Tyson Gay hands back his Olympic medal after he’s hit with one-year doping ban

US track star will be eligble to retun to competition at the end of June.

Gay, 31, has already handed back the relay silver he won at the London Olympics.
Gay, 31, has already handed back the relay silver he won at the London Olympics.
Image: EMPICS Sport

US SPRINT STAR Tyson Gay has received a one-year doping ban from the US Anti-Doping Association (USADA) and handed back his 2012 London Olympics silver medal.

USADA announced that the 31-year-old American track star tested positive for a banned anabolic steroid in two random out-of-competition tests and one event doping test in urine samples taken last year by both USADA and the world governing body IAAF.

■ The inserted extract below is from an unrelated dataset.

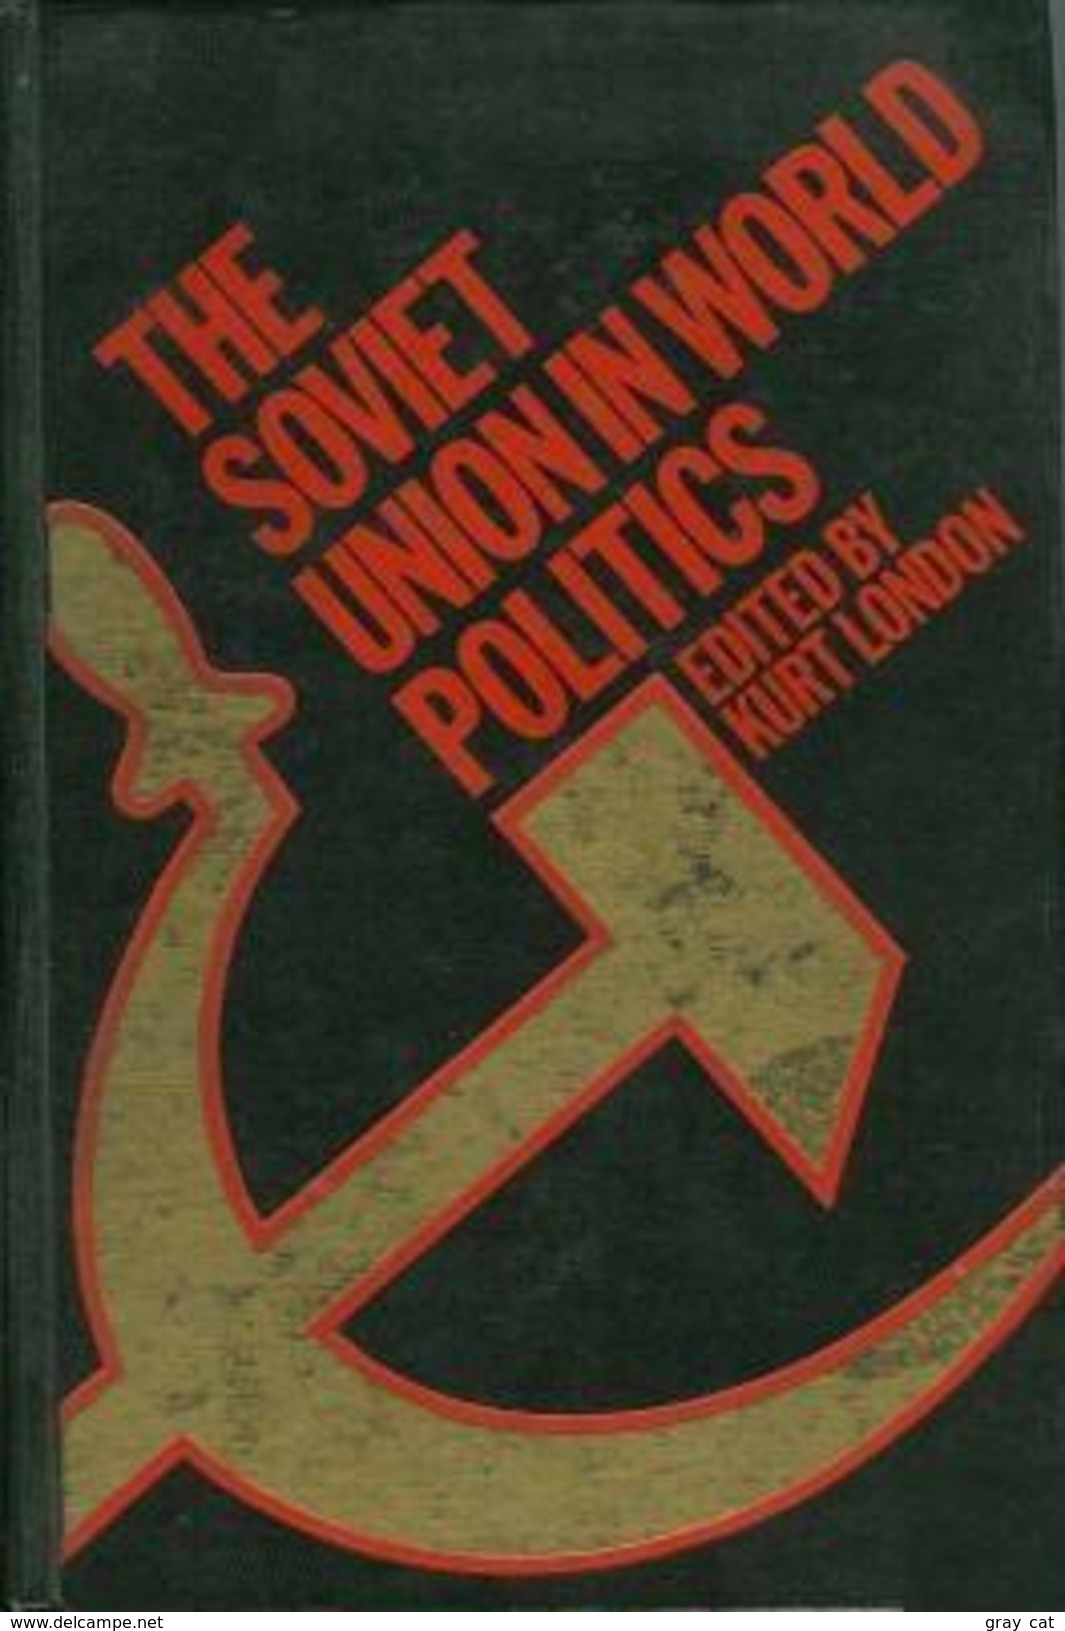 The Soviet Union In World Politics By Kurt London (ISBN 9780891582632) - Europa
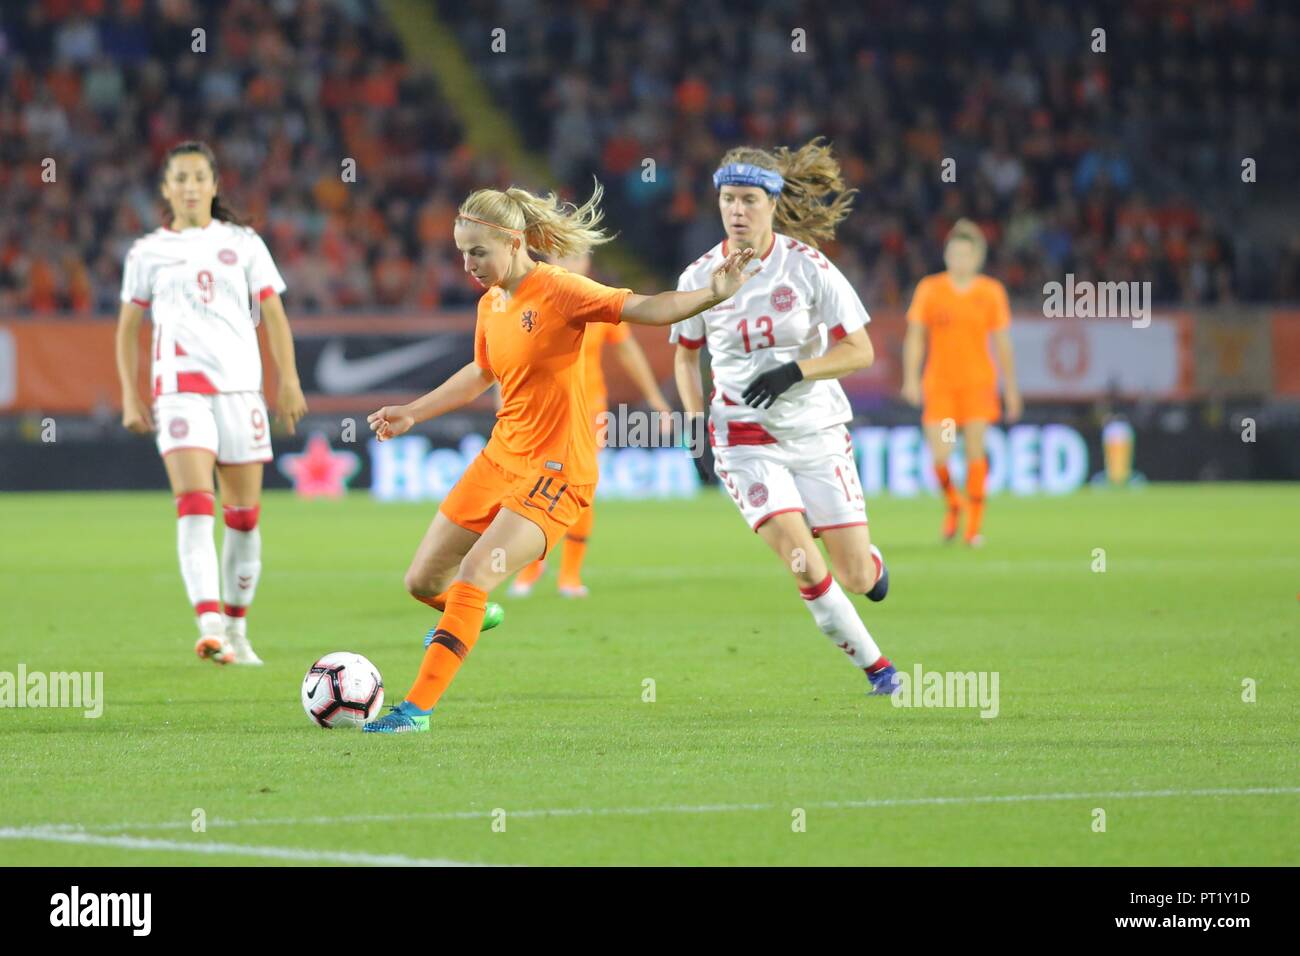 Pays-bas attaquant, Jackie Groenen, s'exécute avec le ballon lors du match contre le Danemark pour la qualification à la coupe du monde de football de femmes, à Breda, 5 octobre 2018. Banque D'Images

While the suspension timing means that Gay can return to competition next month, he will do so too late to take part in Diamond League meets at New York or Eugene, Oregon, or qualify for the US Track and Field Championships at Sacramento, California, on 26-29 June.

Gay accepted a one-year doping ban from June 2013 and the disqualification of all results dating to July 15, 2012 — the date he first used a product that contained a banned substance.

He also forfeited all prizes obtained from that date, which included voiding his effort on the US Olympic men’s 4x100m relay runner-up squad at London. USADA said Gay has already handed over his silver medal to US Olympic Committee officials.

Also thrown out was Gay’s fourth-place showing from London in the 100m final in 9.80 seconds, what had been the fastest non-medal effort in Olympic history.

After learning of his violation last year, Gay went public and said that while he never knowingly or willfully took a banned substance, he had made a mistake but did not elaborate.

“We appreciate Tyson doing the right thing by immediately withdrawing from competition once he was notified, accepting responsibility for his decisions, and fully and truthfully cooperating with us in our ongoing investigation into the circumstances surrounding his case,” USADA chief executive Travis Tygart said.

“USA Track and Field is gravely disappointed any time an athlete uses performance-enhancing drugs and Tyson Gay’s case serves as a lesson about the consequences of making poor decisions,” chief executive Max Siegel said in a statement.

“We appreciate that Tyson accepted responsibility and has assisted USADA by providing information to help battle the use of PEDs.”